Alzándose sobre los codos, Atilo miró a la mujer desnuda tendida debajo de él. La burla en su voz hizo que Atilo la agarrara de los brazos. Esta vez la montó con más intensidad, arrancando jadeos de su cuerpo a embestidas. Hasta que se desplomó sin aliento atravesado sobre ella, con la frente apoyada en la almohada.
—Supongo que no —dijo Alexa.
La camarera que entró por la mañana temprano para recibir las órdenes del día, traer más té y recortar las mechas de las velas, en ningún momento mostró que se había dado cuenta de que había alguien más en la cama de su señora. El sonido de alguien usando el orinal de Alexa despertó a Atilo.
—¿Has conocido a mi stregoi? —preguntó, dejando caer su camisón. Todavía aturdido por el sueño Atilo negó con la cabeza. ¿Alexa tenía una stregoi?

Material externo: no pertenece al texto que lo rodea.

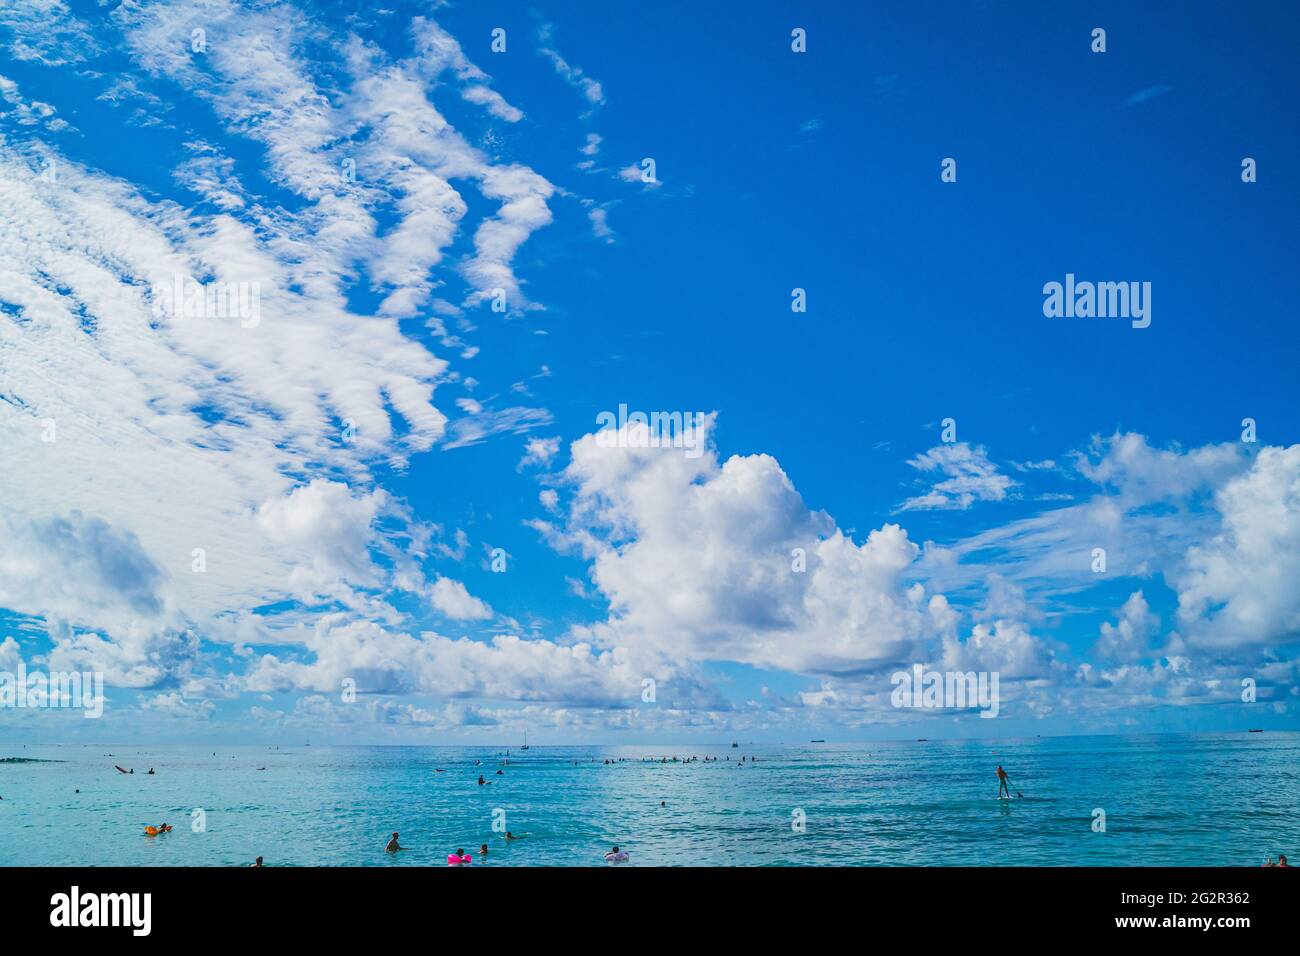 Oahu Hawaii persone godere Waikiki in acque turchesi contro cielo e nuvole Foto Stock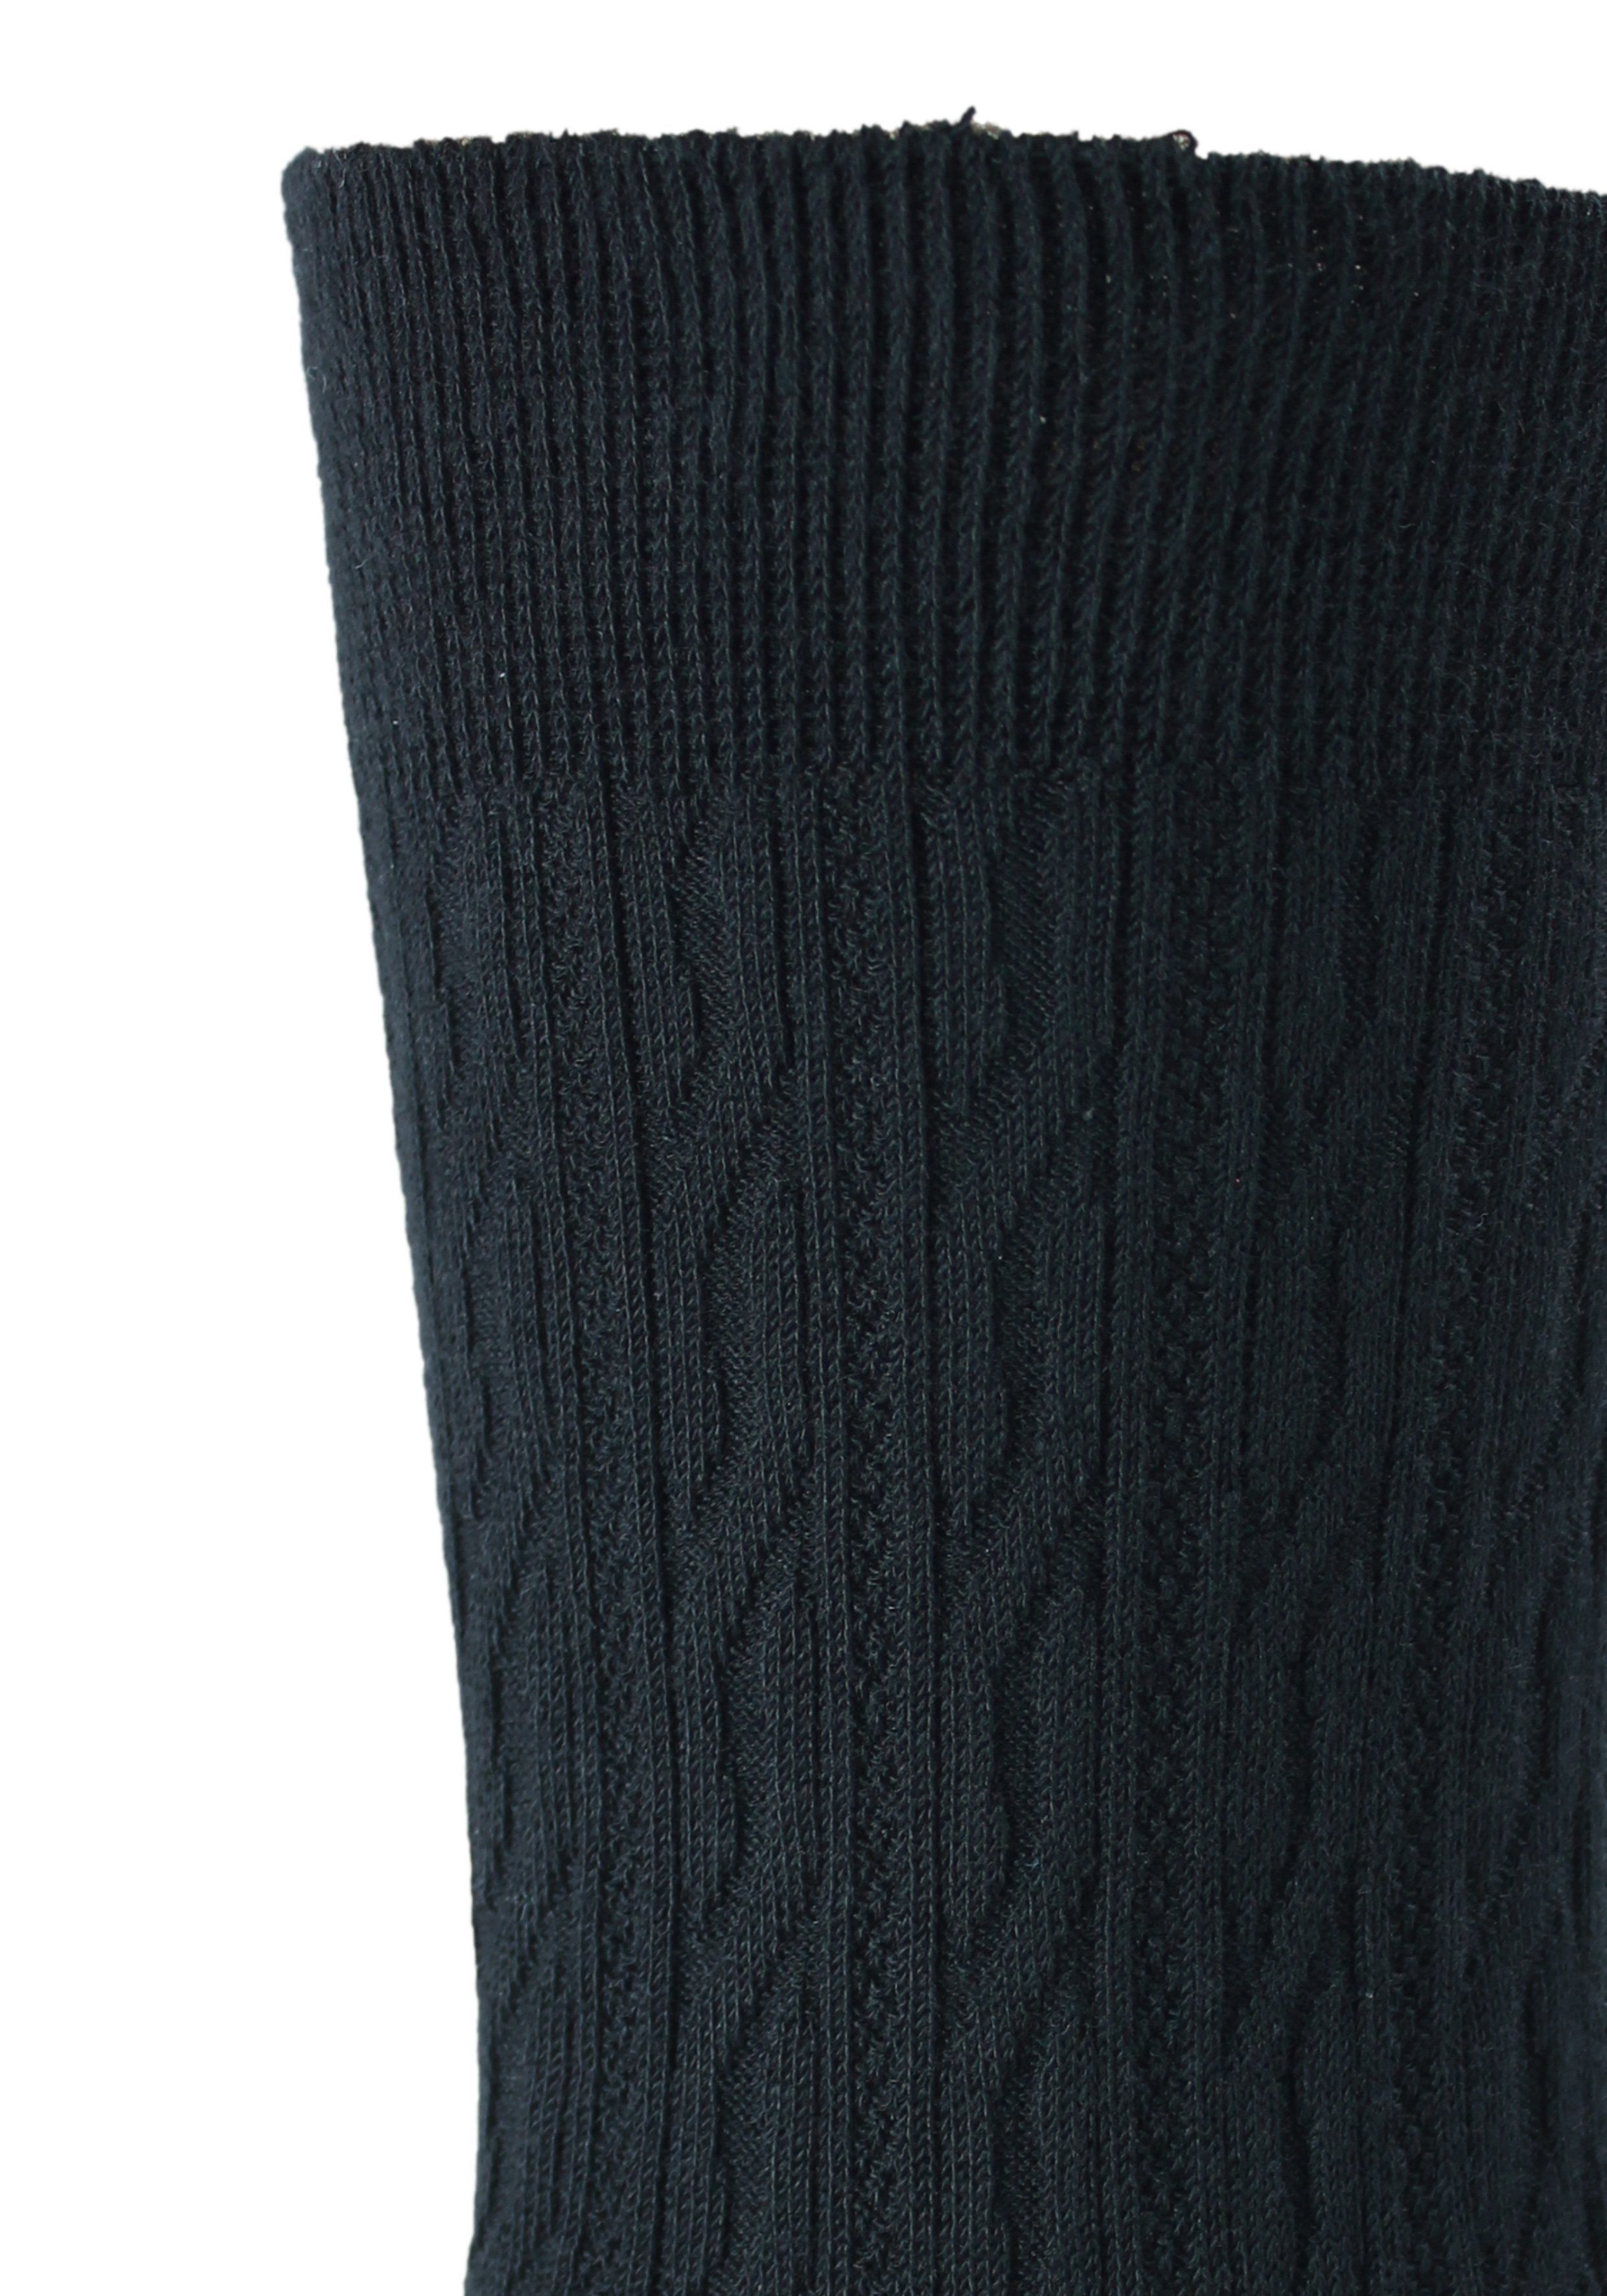 (5-Paar) praktischen 5er-Pack Socken Rogo im Zopfstruktur schwarz

Una hija de las brujas salvajes…
—Deberías —dijo la duquesa Alexa—. De hecho, debes. Envía un mensaje a Desdaio diciendo que has sido retenido por unos asuntos del Consejo. Y dile que todo continúe como siempre en la casa. Es hora de que elaboremos un plan.
—¿Para esta noche?
—No —dijo la duquesa Alexa, dejando un leve beso en la mejilla de Atilo—. Tenemos un mes para preparar nuestra trampa. Pídele plata al tesorero y haz que la conviertan en alambre. Envía ese alambre a los cordeleros de Arzanale. Daré órdenes para que tejan una red. Y deja que me encargue de lo demás.
Atilo intentaba contener el temblor.